Second, whatever the early origins of the law of NIAC, things have moved on. There has been greater convergence between the laws of IAC and NIAC, including in particular the rules on targeting. Moreover, it is now necessary to accommodate the parallel application of IHL and IHRL as separate regimes without rendering either redundant. Rogier’s position would require that primacy always be accorded to the more restrictive rules of IHRL, at least under the ECHR (and in the absence of derogations or Court-made ‘accommodation’). As a result, when it comes to status-based operations, IHL would be deprived of any meaningful effect. Our point in all of this is that the existence of authorization to detain is implied and demanded by the logic of IHL in NIACs.

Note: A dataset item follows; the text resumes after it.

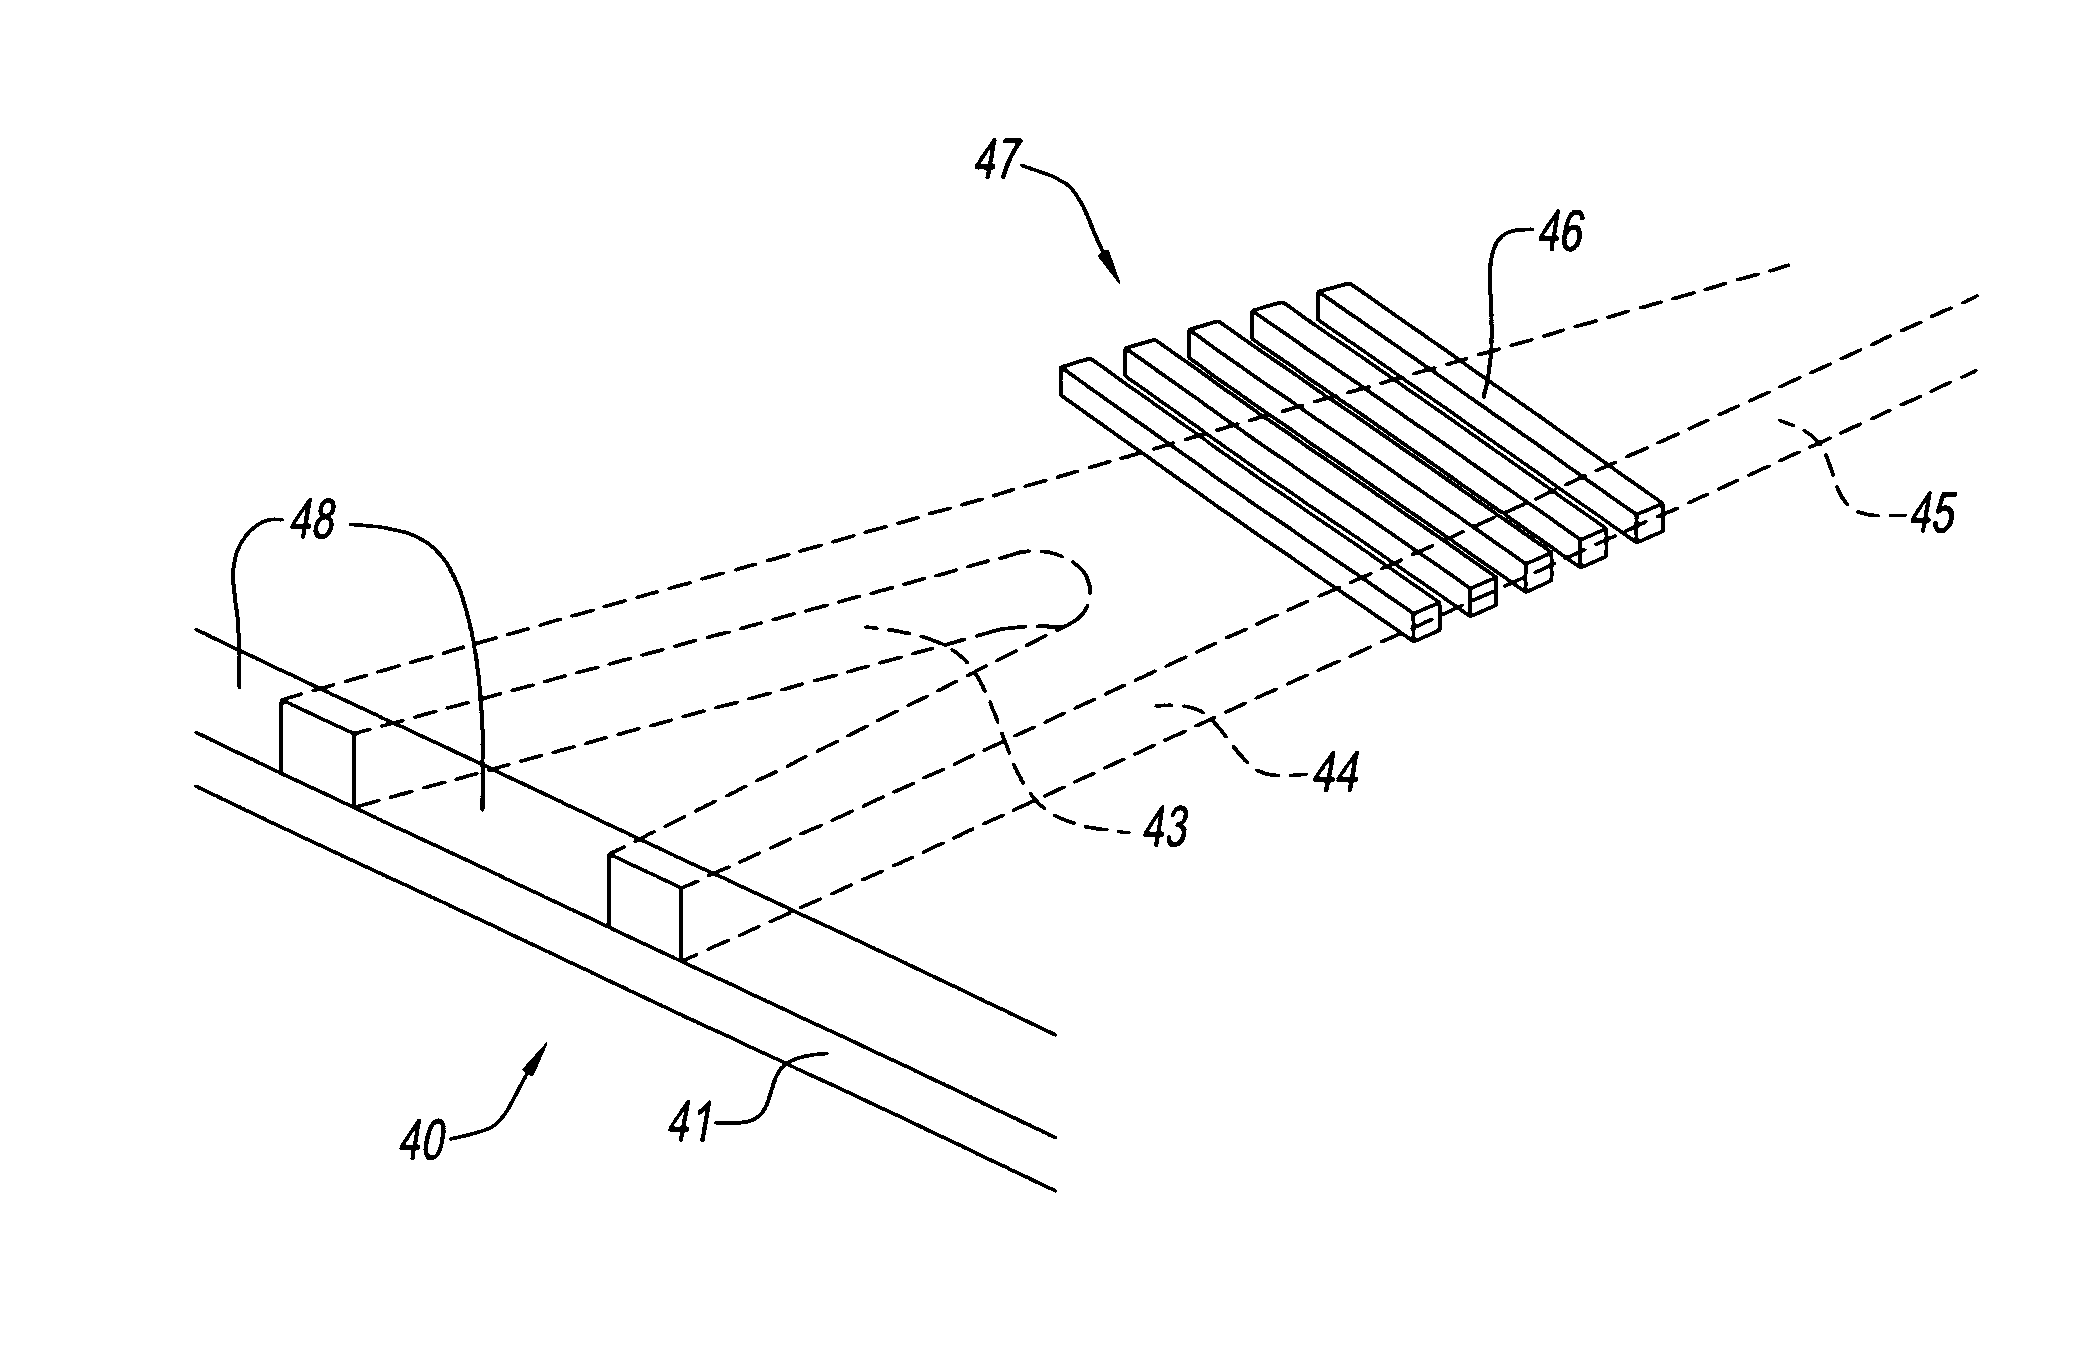 Optical waveguides and grating structures fabricated using polymeric dielectric compositions

Transplanting the law of IAC?
Rogier objects that reliance on the permissive aspect of the principle of military necessity would involve transplanting ‘wholesale’ the law of IAC into NIAC. Our argument does not depend on making a new conceptual leap. States have already recognized the legitimacy of using lethal force against ‘combatants’, based on their status as fighters and by extending the rules on targeting to NIACs. (We suggested that the ECtHR recognized this practice in Korbely. Yes, the reasoning of the Hungarian courts in that case was less than convincing, but the ECtHR made its own findings. While the ECtHR did not distinguish between a civilian participating directly in hostilities and a person in continuous combat function, the key point is that it based its analysis on the distinction between combatant and non-combatant status under IHL). Second, however, it does not follow that military necessity in NIAC is as broad as in IAC. The ‘complete submission of the enemy’ may not necessarily mean the same thing in each context. However, this does not undermine our argument that the principle of military necessity applies in NIAC.
Capture, release and kill?
In our article, we criticize Leggatt J’s reasoning and put forward a positive case for a legal basis for States to detain insurgents in NIAC. Some of Rogier’s objections to our position are based on a conflation between these separate arguments. For example, we argued that Leggatt J’s finding that fighters may be targeted or detained only if they represent an ‘imminent threat’ would lead to an absurd circle of capture, release and immediate re-capture or targeting. Our point is that such an absurd circle does not reflect the logic of IHL in NIAC (nor is it compatible with the letter of the law, as Rogier helpfully points out).